General Information and Project Policies
- Read this entire document. If, after a careful reading, something seems ambiguous or unclear to you, then communicate to the course staff immediately. Start this assignment as soon as possible. Do not wait until the night before the assignment is due to tell us you don’t understand something, as our ability to help you will be minimal.
- For some assignments, it will be useful for you to write additional
C++ files. Any C++ file you write that is used by your solution
MUST be in the provided
src
directory. - The course staff are here to help you figure out errors, but not solve them for you. When you submit your solution, be sure to remove all compilation errors from your project. Any compilation errors in your project will cause the autograder to fail, and you will receive a zero for your submission. No Exceptions!
- Reminder:
Academic Honesty
All work that is completed in this assignment is your own. You may talk to other students about the problems you are to solve, however, you may not share code in any way. What you submit *must be your own work.

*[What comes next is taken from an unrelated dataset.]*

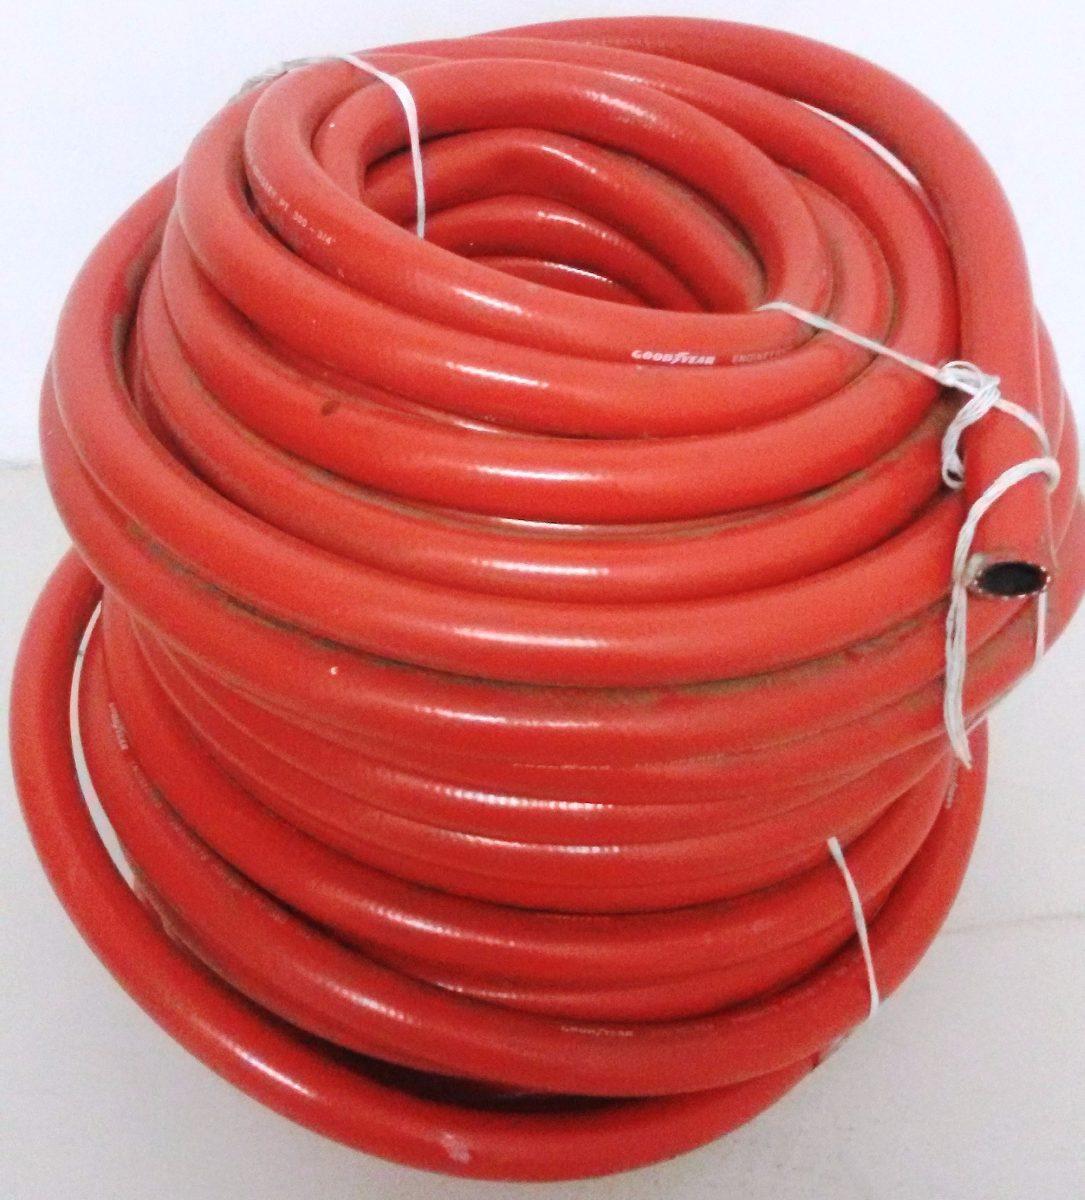 Manguera alta presi n para aire y agua de 3 8 bs 390 for Manguera para aire comprimido

You may not use any code that is posted on the internet. If you are not sure it is in your best interest to contact the course staff. We will be using software that will compare your code to other students in the course as well as online resources. It is very easy for us to detect similar submissions and will result in a failure for the exercise or possibly a failure for the course. Please, do not do this. It is important to be academically honest and submit your work only. Please review the UMass Academic Honesty Policy and Procedures so you are aware of what this means.
Copying partial or whole solutions, obtained from other students or elsewhere, is academic dishonesty. Do not share your code with your classmates, and do not use your classmates’ code. If you are confused about what constitutes academic dishonesty you should re-read the course policies. We assume you have read the course policies in detail and by submitting this project you have provided your virtual signature in agreement with these policies.
Gradescope
We use Gradescope to run our autograding software and record your grade for these assignments. You may submit this assignment as many times as possible up to the due date. If you encounter a problem with the autograder you should contact the course staff immediately.
Submission
You must submit the generated submission.zip
file that is created by
running the make
command to Gradescope. To do this you will need to
download the submission.zip
file from the EdLab environment to your
local machine then upload submission.zip
to Gradescope. Gradescope
will run your submission in our autograder environment and give you a
report of what tests passed and which did not. Again, you are welcome
to submit as many times as you would like.